The second reader is an agent. When you ask Claude Code or Codex to “start my coding model,” a well-written doc gives the agent everything it needs — read the config, invoke the right launcher, verify the server is running — without you specifying the details. The doc is machine-readable by design: structured, concrete, no prose padding.

This is the shift worth naming. Documentation in most projects is human-facing and aspirational — written after the fact, describing what things should do. In this system, docs/ is a first-class operational layer. It describes what things actually do, in terms specific enough for an automated process to act on. The contract in docs/ is what makes the system agent-operable.

§ 8 — The discipline that makes experimentation sustainable

The system isn’t organized for its own sake.

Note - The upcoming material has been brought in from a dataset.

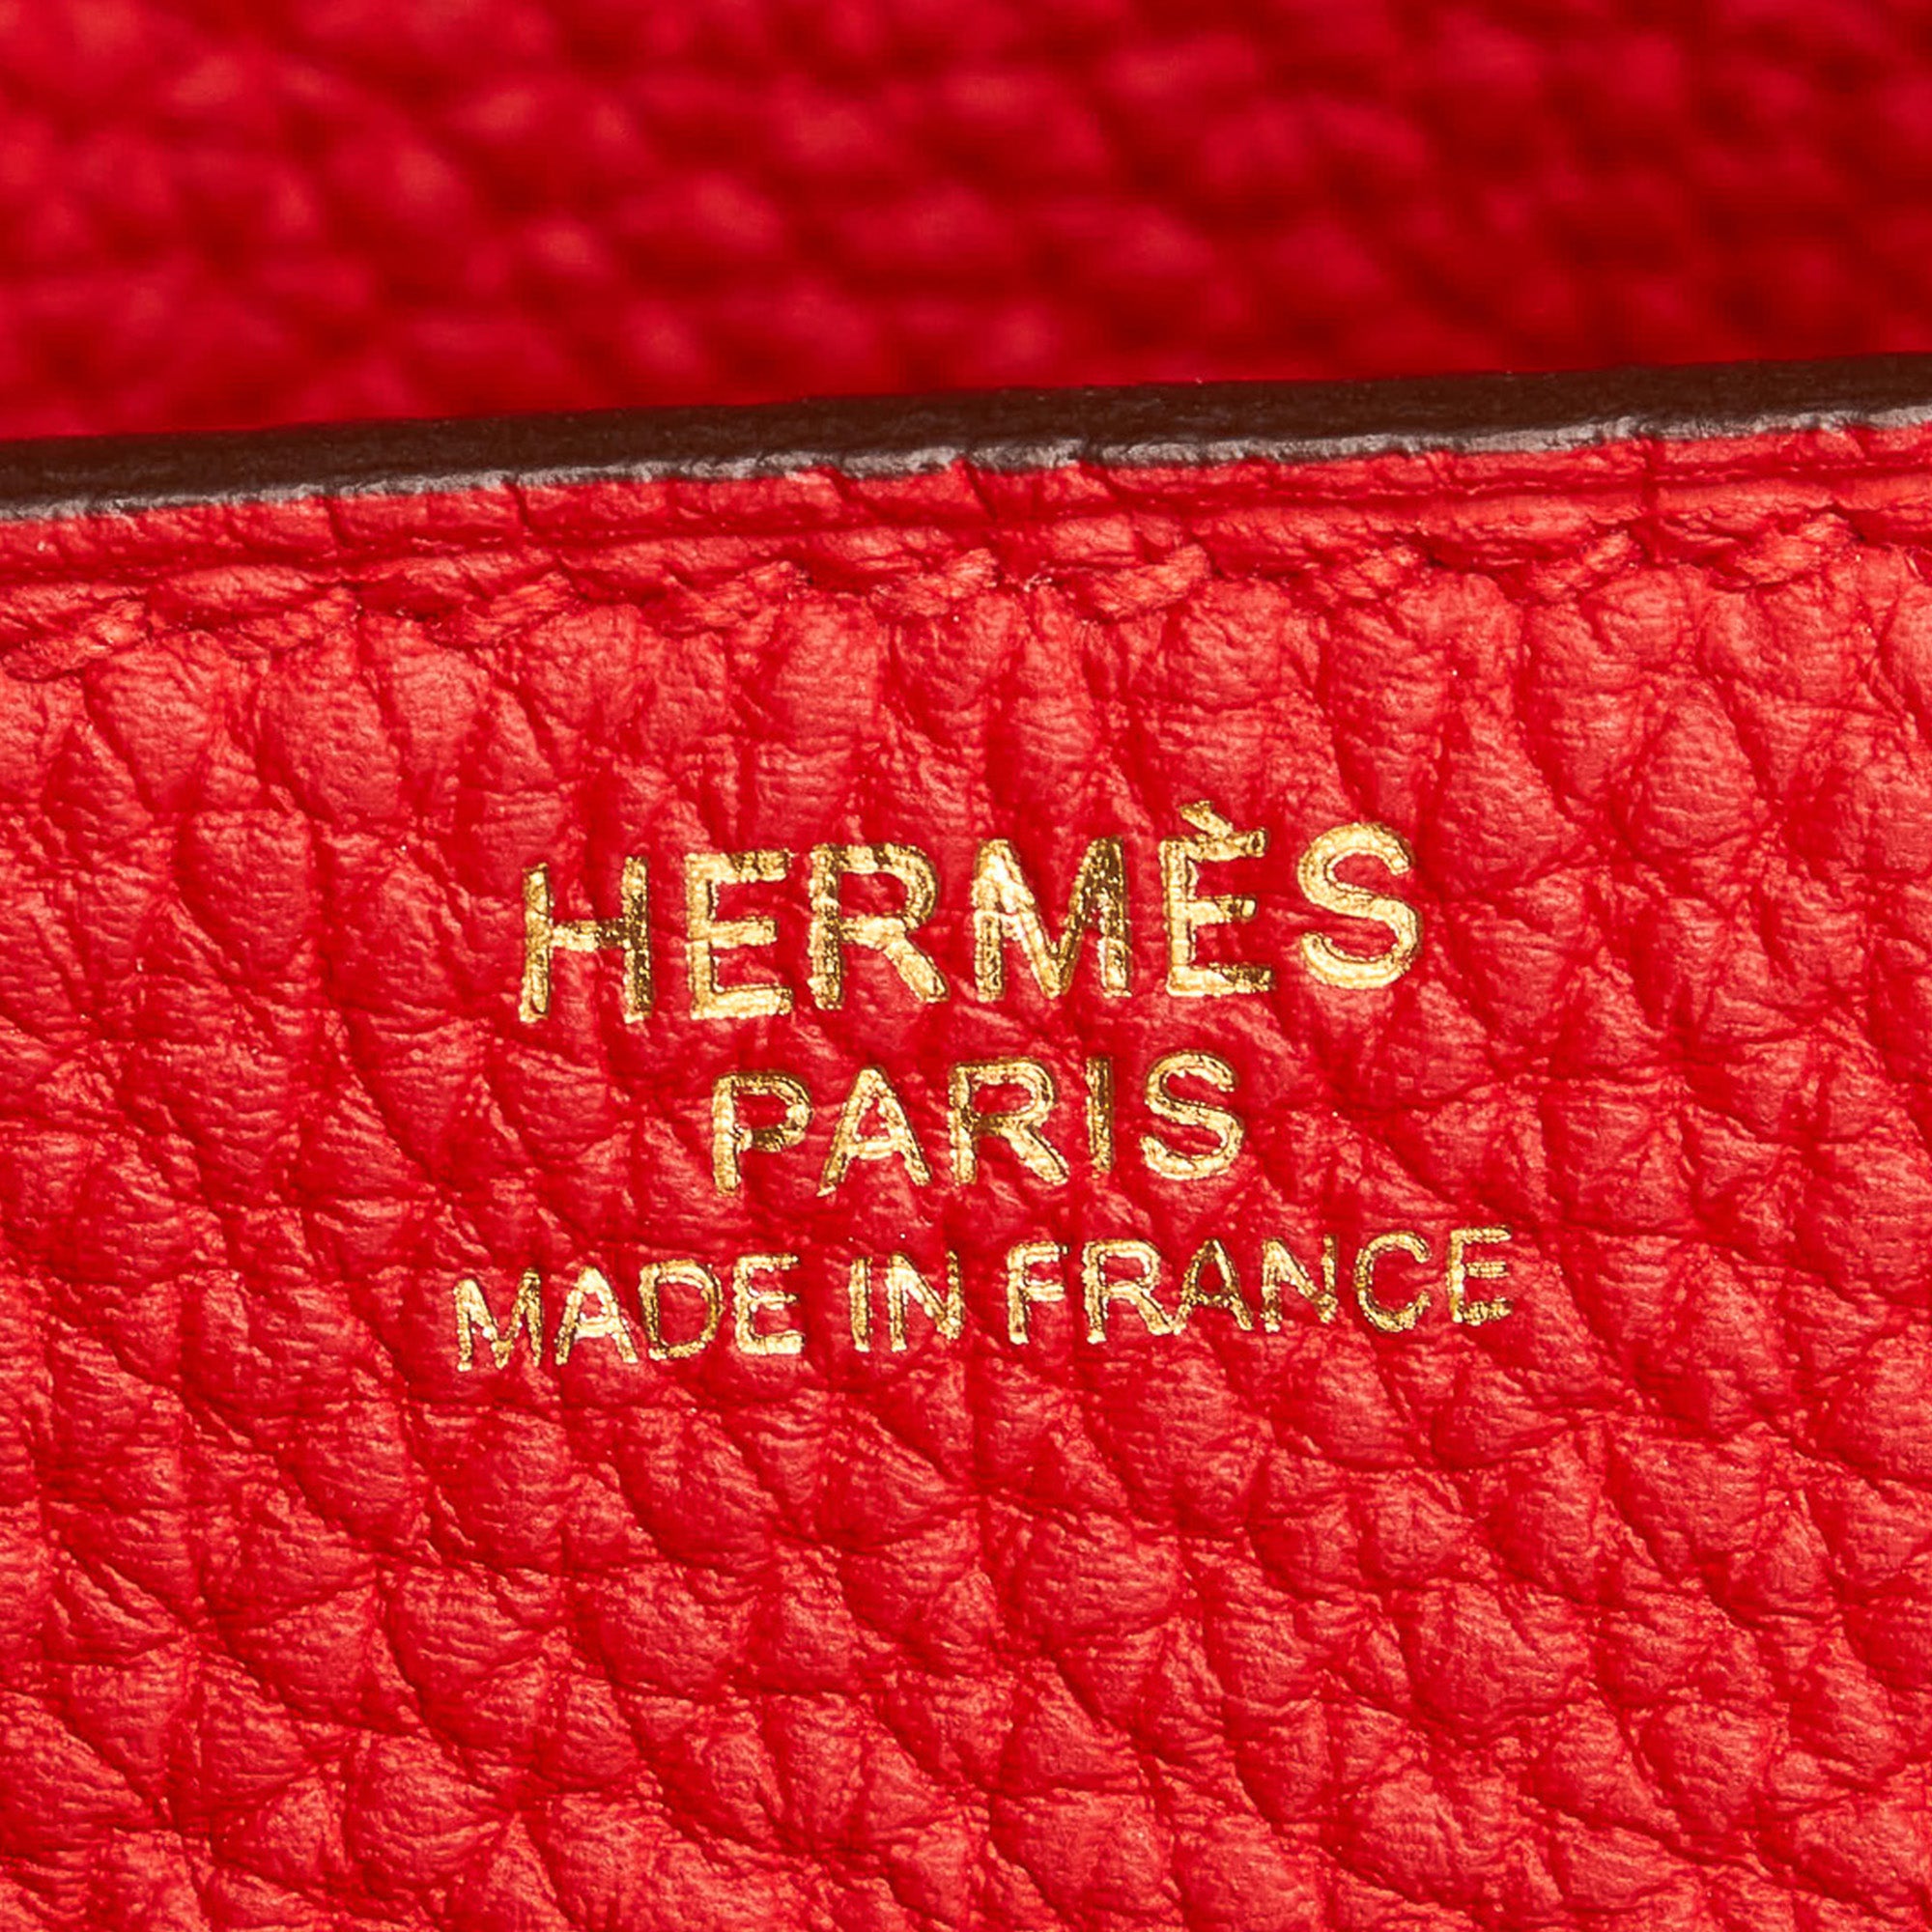 Hermès 2019 Pre-owned Birkin 30 Bag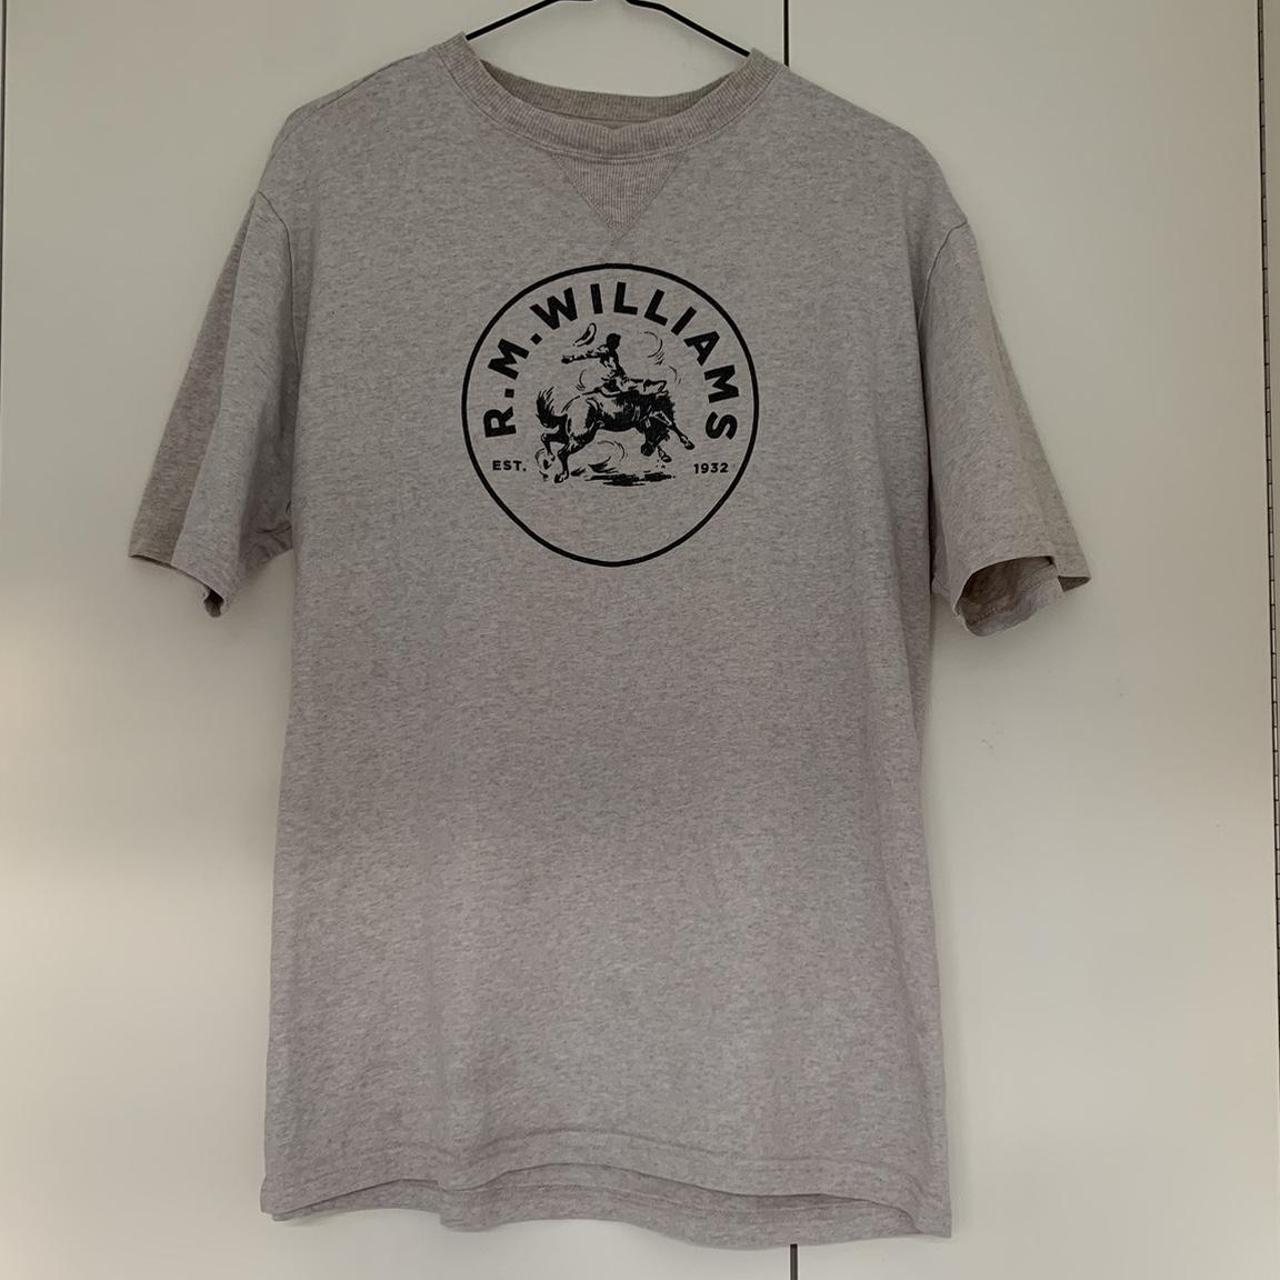 RM Williams T Shirt. Colour: Grey with black print... - Depop

When adding a new model takes five minutes instead of thirty, you try more models. When switching runtimes doesn’t break your harness, you switch runtimes. When the flags that made a session work are written down, you reproduce that session exactly. The structure enables velocity — it doesn’t slow it down.

The test for any new addition is simple: does it require touching only the right layer? A new model should only add a server profile and a wrapper profile. A new harness should only add a wrapper config. A new runtime should only add a launcher and a server profile template. If you find yourself editing a stable layer to add something new, the abstraction is wrong — fix the abstraction, not the file.

每加一个模型，应该是一次好奇心的满足，不是一次系统维护。